Clone the Codetta repository from GitHub with the command

git clone https://github.com/kshulgina/codetta
cd codetta

Python version and packages

Codetta was developed for Python version 3.7-3.9 on Linux and MacOS.

Type python --version into your terminal to check which version of Python you have. If you don't want to update your version of Python, you try using conda to create a virtual Python 3.9 environment using the commands

conda create --name py39 python=3.9
source activate py39

To ensure that the correct Python package versions are installed, use the command

python -m pip install -r requirements.txt

Otherwise, you can manually install the packages listed in the requirements.txt file.

Additional requirements

Codetta additionally requires:

  • wget and gzip: on Mac, use install commands brew install wget and brew install gzip.
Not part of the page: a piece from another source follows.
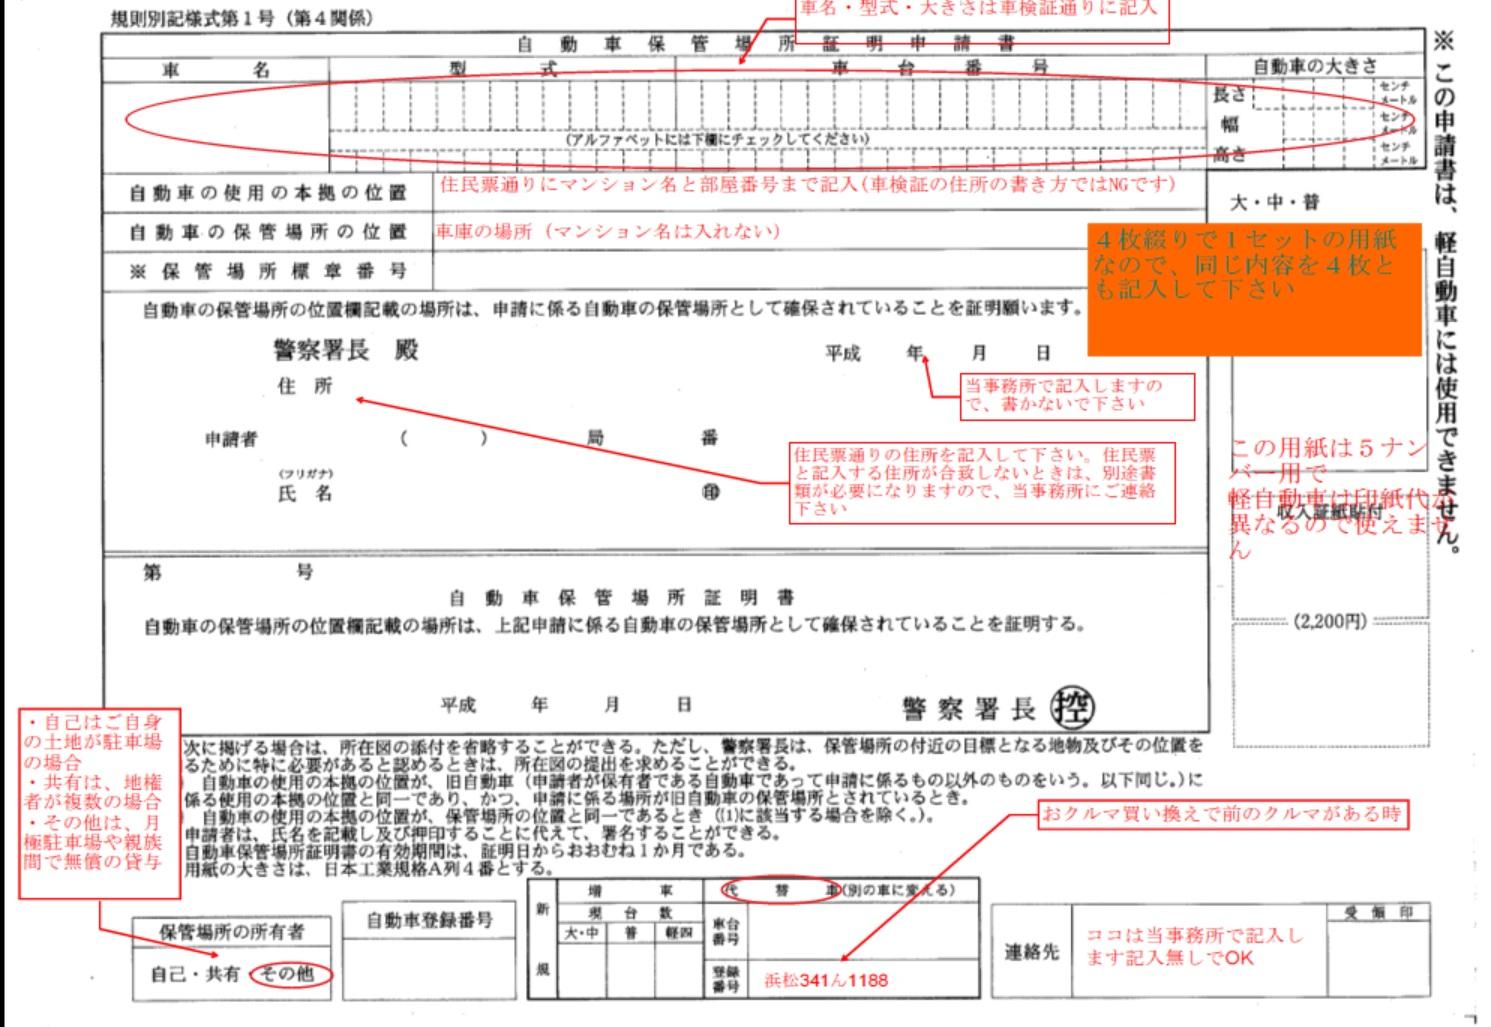 印鑑登録・印鑑証明 東京都府中市ホームページ

For Linux, you'll have to use your system's package management tool.

  • HMMER (v3.1b2) and Easel library: the commands shown below will install these programs into codetta/hmmer-3.1b2. For more detail on installation, see the HMMER user's guide. This specific version of HMMER (v3.1b2) is required to reproduce the results in Shulgina & Eddy (2021). Codetta may work with other versions of HMMER3, as long as the same version of HMMER is used to build the Pfam database.

      wget http://eddylab.org/software/hmmer/hmmer-3.1b2.tar.gz
      tar xf hmmer-3.1b2.tar.gz
      rm hmmer-3.1b2.tar.gz 
      cd hmmer-3.1b2
      pwd | xargs -I {} ./configure --prefix={}
      make
      make install
      cd easel; make install
      cd ../..
    

    Codetta will expect to find the HMMER and Easel programs in the directory codetta/hmmer-3.1b2/bin unless otherwise specified in the --hmmer_directory argument.

  • gtar: on Mac, use install command brew install gnutar. gtar is the default version of tar on most Linux machines. You can check which version of tar you have by typing man tar and looking at the first line. If you have gnutar but the command gtar does not work, you can map it by adding an alias alias gtar='tar' in your ~/.bashrc file (or equivalent for your shell) and restarting your terminal.

Building a local version of the Pfam database

You also need to download and build a local version of the Pfam database.

Download Pfam database into the resources directory. This may take a few minutes because this a ~140 Mb file.

cd resources
wget http://ftp.ebi.ac.uk/pub/databases/Pfam/current_release/Pfam-A.seed.gz
gunzip Pfam-A.seed.gz

Then, use HMMER to build a searchable database, using the --enone flag to turn off entropy weighting. This will also take a few minutes. This process creates 3 Gb worth of files, so make sure you have sufficient disk space.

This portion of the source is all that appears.